Experimentally, the paper validates the PAMPC framework through a series of tests, demonstrating its efficacy in scenarios where traditional control methods may fail. Notably, the framework shows improved performance under highly challenging lighting conditions and in maintaining visual markers within the camera’s field of view, underscoring the reliability and robustness of the perception-aware approach.

Implications

The implications of this research are broad for both theoretical and practical advancements in autonomous aerial vehicles. Theoretically, the integration of perception objectives into the quadrotor control framework enhances the understanding of coupled dynamics and sensing. Practically, it opens new possibilities in environments previously deemed too challenging for reliable autonomous navigation, such as those with dynamic lighting changes or sparse visual features.

Future work could extend these principles to other robotic platforms and complex environments, potentially incorporating machine learning algorithms to dynamically adjust perception objectives based on real-time learning and adaptation.
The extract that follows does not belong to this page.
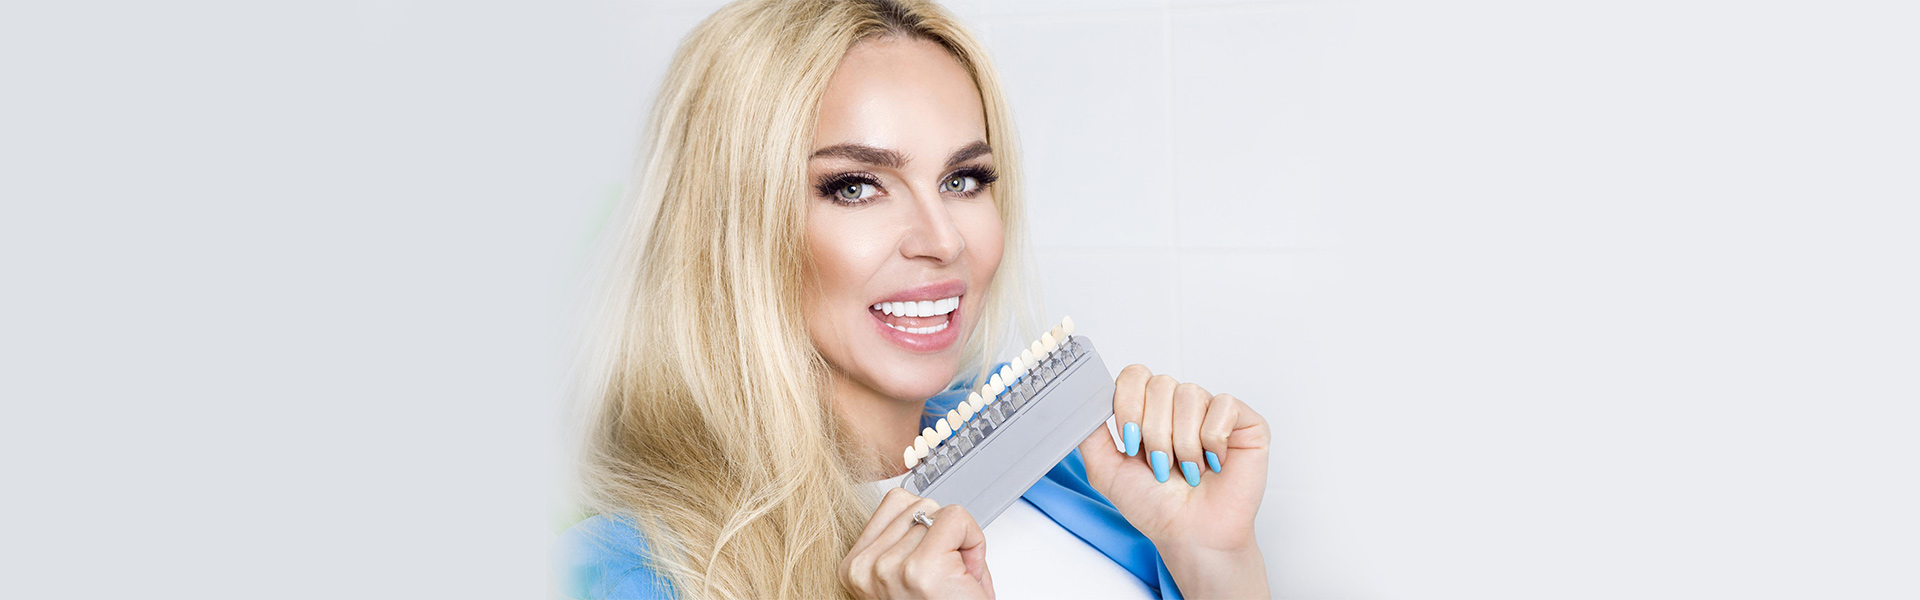 Dental Veneers: Various Types and Why You Can Have Them on Your Teeth

Additionally, expanding the current perception objectives could further enhance the framework’s applicability to diverse operational scenarios, such as obstacle avoidance and cooperative multi-robot systems.

In conclusion, the PAMPC framework represents a valuable advancement in robotic perception and control, providing a robust methodology for integrating sensory data with dynamic motion planning in quadrotor systems. The framework not only supports more reliable and agile navigation but also exemplifies a powerful paradigm for interdisciplinary research and application in autonomous systems.